Comment Re:Also credits the dude that keeps it running (Score 1) 522

However, I dont think emulation is the right way to replace a dos computer, virtualisation is better. You can install DOS in a VMWare VM easily, whilst emulation like DOSBOX is very good, its still has some issues, a VM will get around most, if not all issues you have with dosbox.

DOSbox is a total cpu hog, especially if you set the cpu cycles in the config file to a level where it doesn't look like you're watching the beginning of an Alien movie printing out stats on the Nostromo slightly faster than you can read. On Linux I run a 1-2-3 clone and Wordstar in Dosemu windows, because if you're in Win3.1 under DOSbox and you launch a non-Windows app the whole window switches to that app and you can't switch back When I absolutely must go to Windows 3.1 I'll fire up a instance of DOSbox but I look at htop when I do and I'm amazed. And it's not any better using DOSbox under 64 bit Win7.

Comment Re:I also like Wordstar 4.0 (Score 1) 522

I use Wordstar in a Win 3.1 DOS window daily, there's only two minor hassles. There's no proportional font spacing, so it will sometimes hyphenate on a single character, which stylistically is a no-no. And to get it out of Wordstar I have to dump the document through an ASCII driver configured as a virtual printer. But I totally get where he's coming from, the program stays they hell out of your way and lets you just write, there's no Clippy popping up saying, "Hey did you know you can now send your Great American Novel through TELNET?"

Comment Re:Out of Band? (Score 1) 179

Actually, 3.1 doesn't include Internet Explorer either, so it's not vulnerable.

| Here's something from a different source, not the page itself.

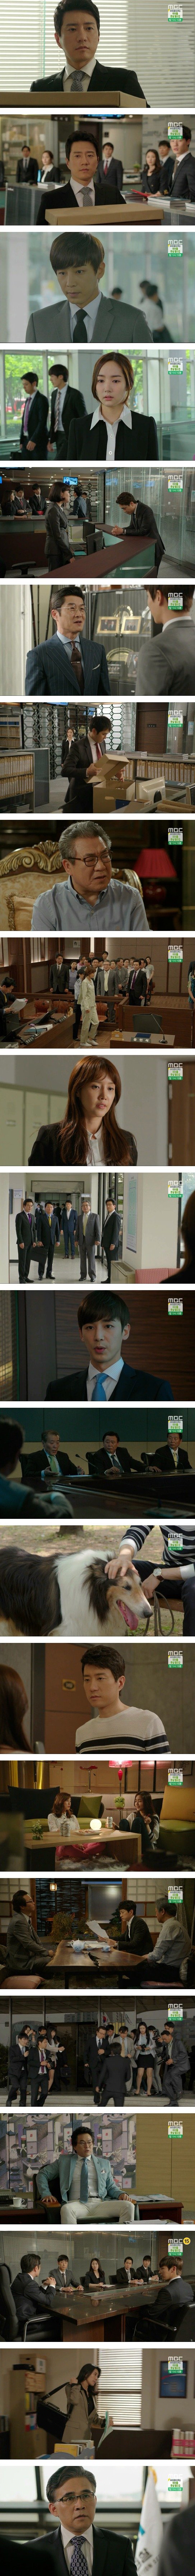 episode 12 captures for the Korean drama 'A New Leaf'
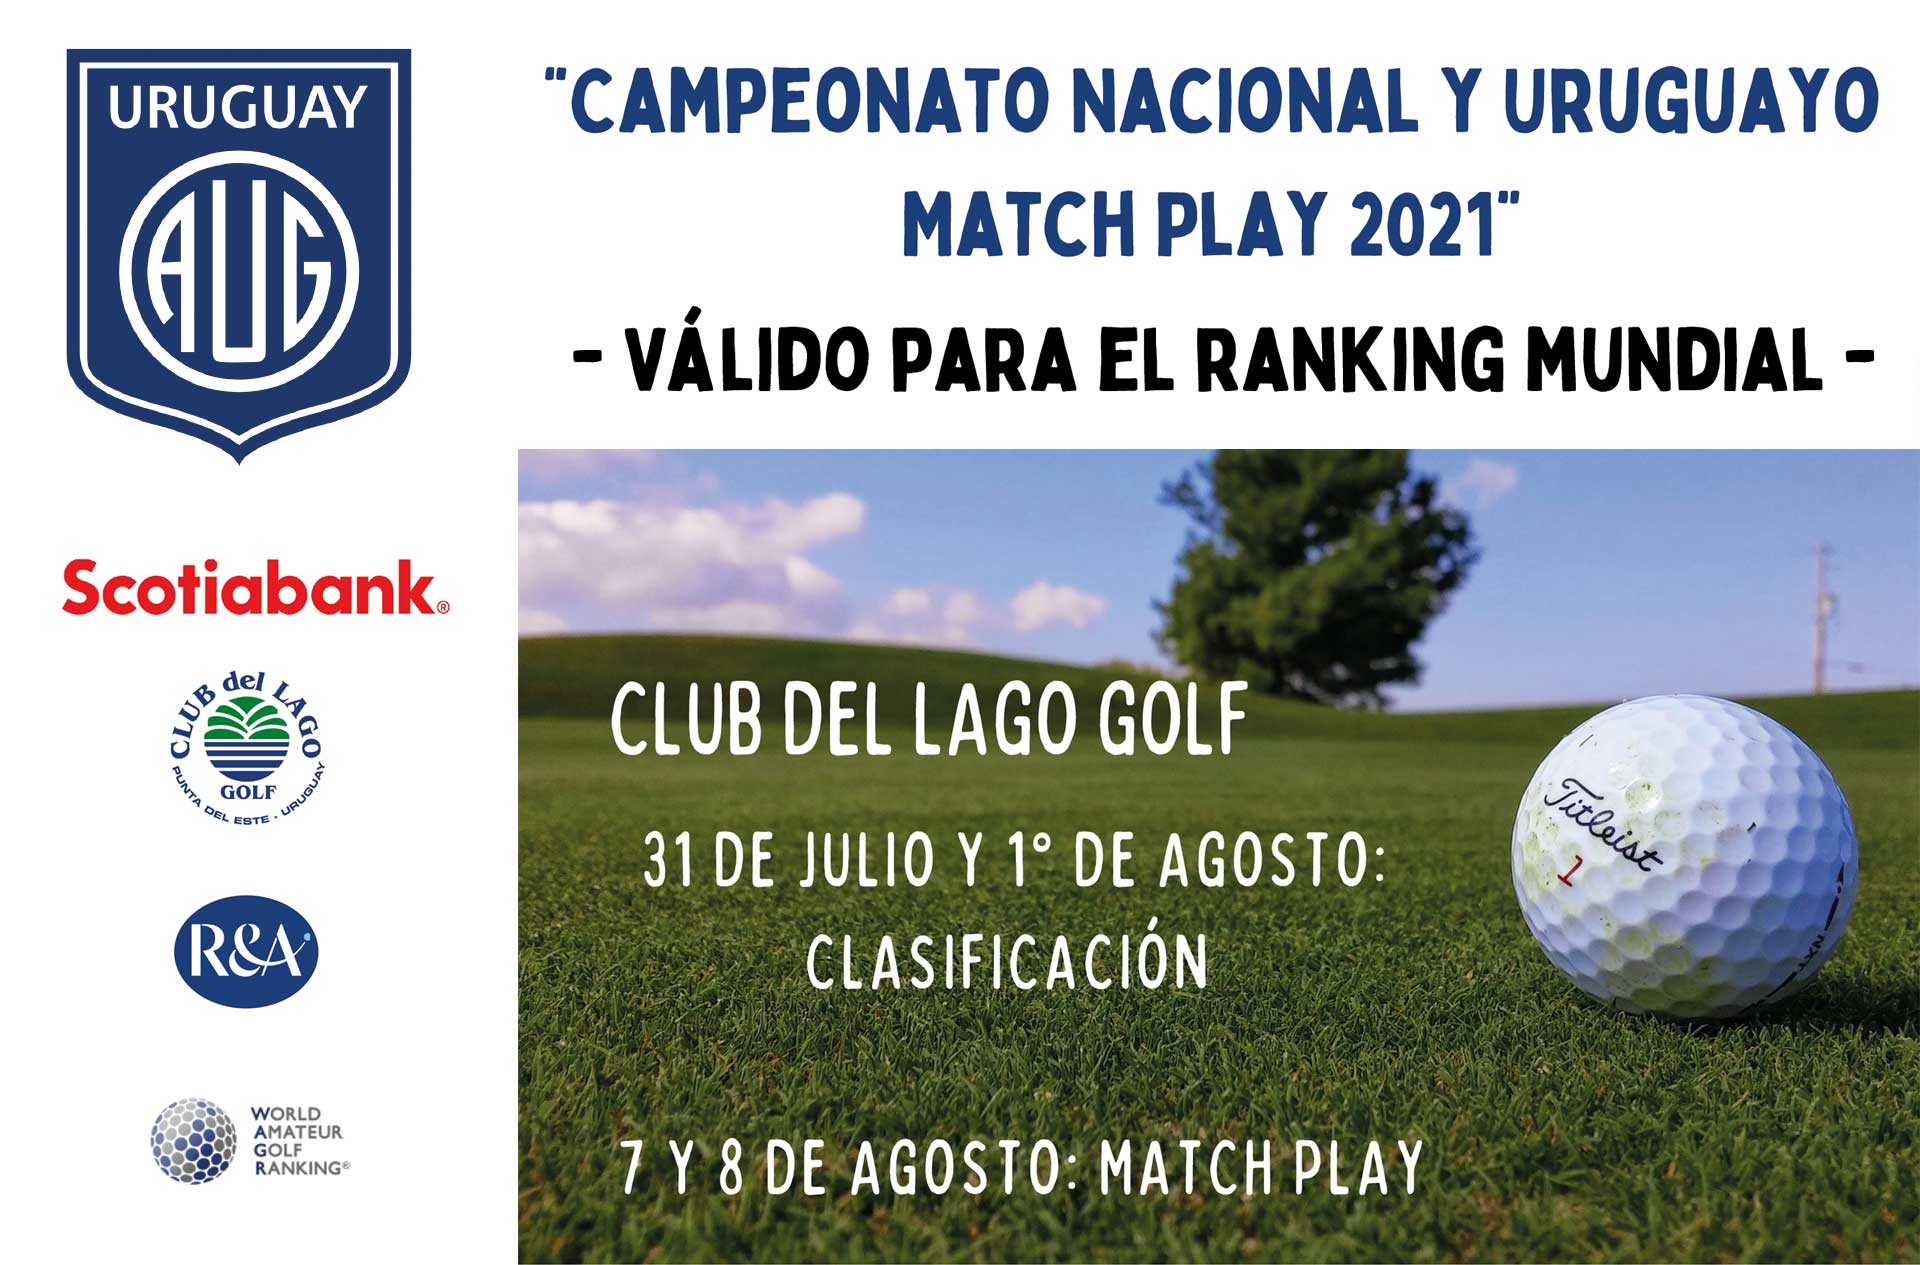 Campeonato Nacional y Uruguayo Match Play 2021

Those AOL 3.0 floppies (which is what most people used before Win95) had a custom version of IE. I'm not too worried though, even though I mess with Win 3.1 a lot myself, the malware's 32 bit API calls to modify the registry won't work, not even under Win32s.

Comment Re: So what? (Score 1) 272

Makes me wonder why you think that's a valid response. The equivalent would be if Columbus just floated in a circle half a mile from the coast of Spain, never brought back anything of any value, but kept yelling about how everyone in Spain will die if they don't build more boats. That's the Nutter "logic".

Great business model though, Columbus getting Queen Isabella to dip into the treasury to fund experiments studying the reproductive habits of various salamanders while underway off the coast. The only thing Columbus would have to worry about is some upstart named "Sea-X" convincing Isabella that unfettered capitalism is much more efficient and patriotic than having Spanish taxpayers shell out (no pun intended) for a socialized sea program, and getting a contract to deliver salamanders to the Sea Station using funds executed off the very same Accounts Payable.

Comment Re:But is it a class M planet? (Score 2, Interesting) 239

A world in the "habitable zone" of a class M dwarf star is only a few million miles away, orbiting in a matter of a few days. This means the planet will have a tidal lock, much like the Moon does with respect to the Earth. And that means the night will never end on one side of the world. And that, in turn, will make the dark side so cold the air will precipitate out as snow. Then the atmosphere will equalize, and snow again. Lather, rinse, repeat. Ribbon worlds are airless worlds. Forget about Earth 2.0.

Comment Re:NOOOOOOOOO (Score 1) 293

Agreed. For one, I hoped that Microsoft was took over by a woman, which could mean that finally someone who cares about the look-and-feel is in control of the company

Because everyone knows us'uns womenfolk are all touchy-feely. That's the ticket. Bill Gates and Steve Ballmer just would not stop and ask for directions.